É fácil, no entanto, desvendar os motivos subjacentes a tais "esquecimentos" dos fatos pelos historiadores e cronistas: o massacre do Caldeirão, para além de ter sido mais uma perseguição e beatos e cangaceiros nos sertões nordestinos, oriundos de uma tradição de violências que remontam aos séculos XVIII e XIX, com o apoio dos coronéis latifundiários e da Igreja Católica que, eivada dos rigorosos preceitos tridentinos - condenava e perseguia duramente quaisquer "seitas" religiosas heterodoxas - , foi tão cruel quanto desnecessário. Pois, além de destruírem - assim como o fizeram com Canudos - uma comunidade de camponeses pacíficos pelo fogo e pelas armas, utilizaram, pela primeira vez na história do Brasil, bombardeios aéreo contra populações civis indefesas!...
Estranhamente, até os historiadores "brasilianistas" que escreveram sobre o assunto omitiram ou deformaram os fatos. Ralph Della Cava, por exemplo, apesar de demonstrar simpatia pelo beato José Lourenço, no seu livro Milagre em Joaseiro, limita-se a comentar que, "infelizmente a história de José Lourenço tem sido contada e recontada de forma anedótica e sectária"(Cava, 1976:220). E, apesar disso, segue o mesmo caminho trilhado por seus criticados antecessores: narra apenas os fatos folclóricos e "anedóticos" ligados ao boi "mansinho"...

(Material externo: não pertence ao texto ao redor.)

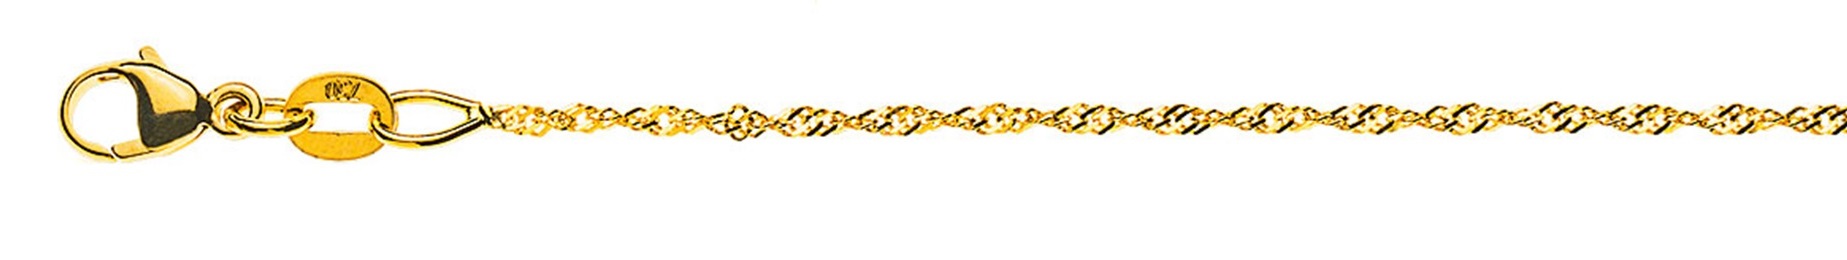 AURONOS Prestige Halskette Gelbgold 18K Singapurkette 50cm 1.2mm
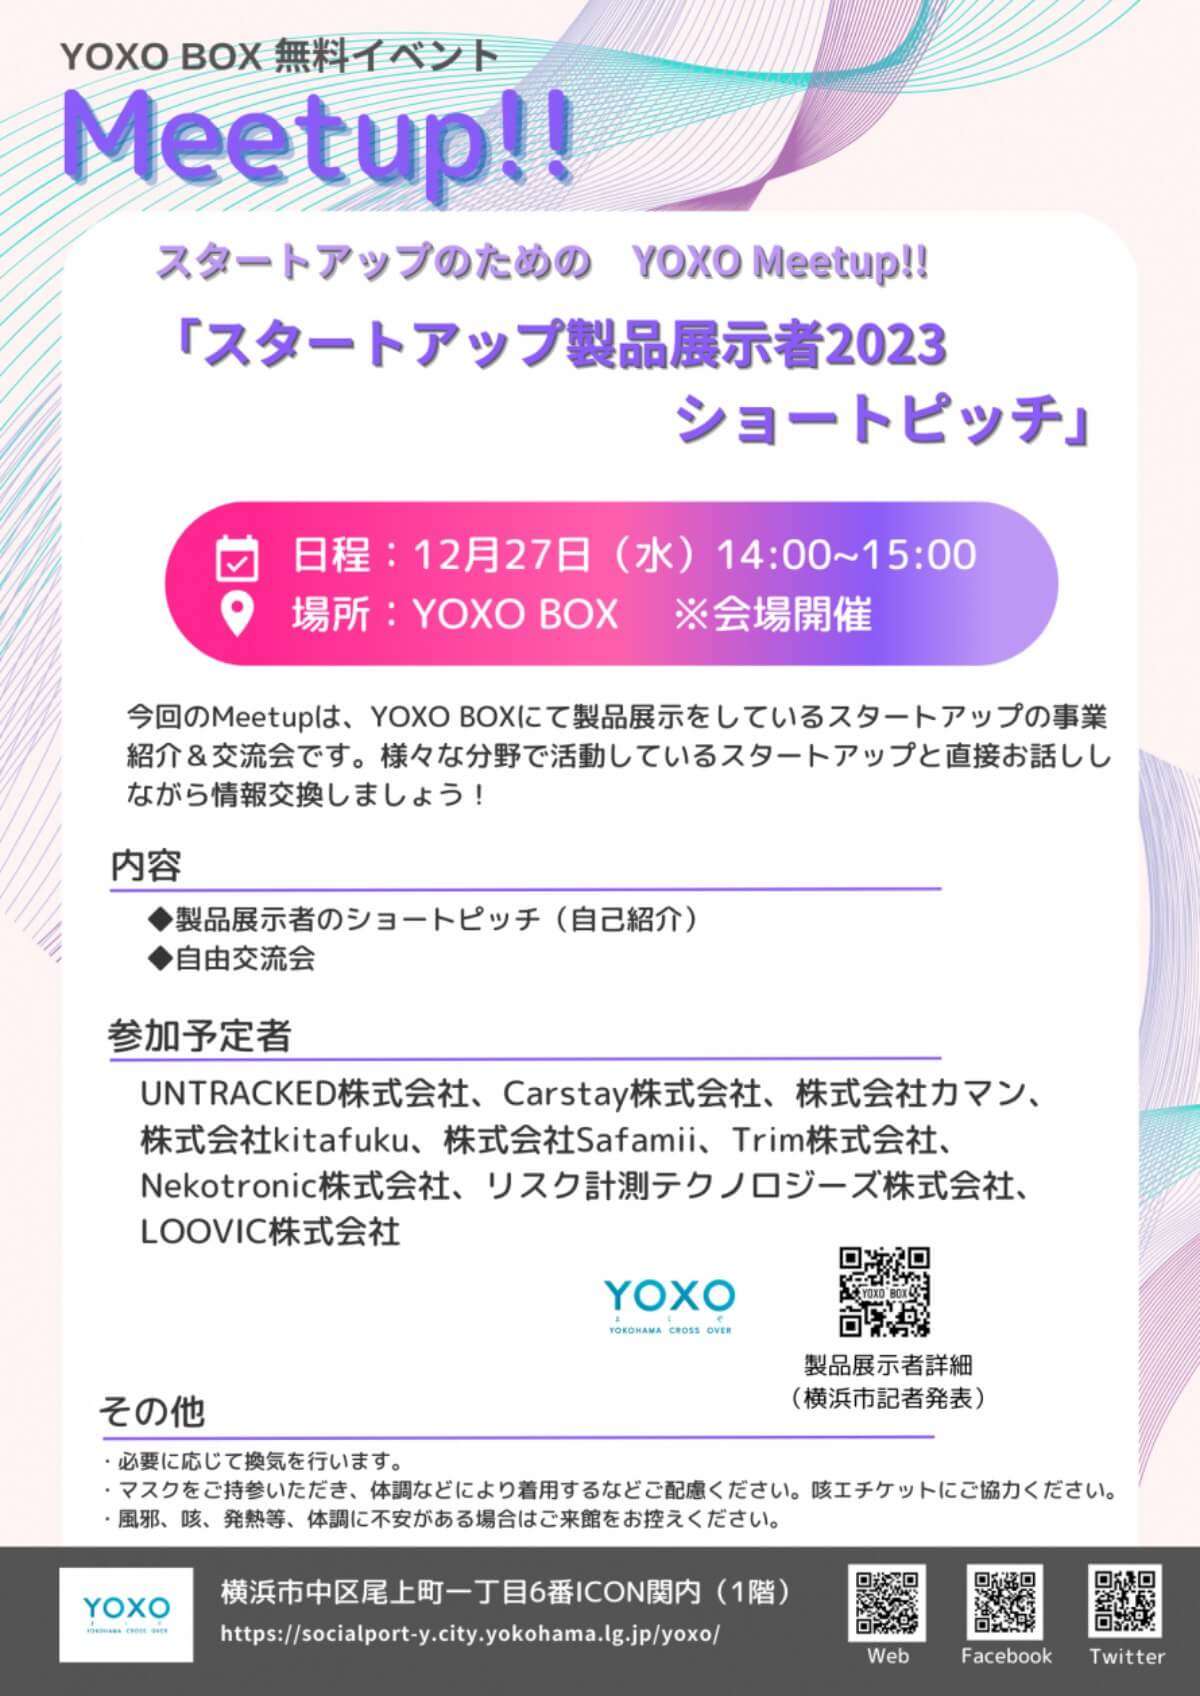 【12/27】スタートアップのための YOXO Meetup!! 「スタートアップ製品展示者2023 ショートピッチ」

Um outro eminente historiador norte-americano que se referiu ao beato José Lourenço, teve o mérito de associar os acontecimentos à repressão do Estado Novo. Trata-se de Robert Levine, que, no seu livro O Regime de Vargas - os anos críticos - 1934-1938, assim se referiu aos fatos: "Tropas federais invadiram o povoado cearense de Caldeirão e destruíram uma seita comunitária semi-religiosa sob a alegação, provavelmente falsa, de que dava agasalho a refugiados dos levantes de Natal e do Recife." E lembra, em nota no final do capítulo, que o Jornal "New York Times", de 16 de setembro de 1936, p. 14, noticiou os fatos com as seguintes palavras: "As razias continuaram por todo o ano de 1937." (Levine, 1980:219 e 241).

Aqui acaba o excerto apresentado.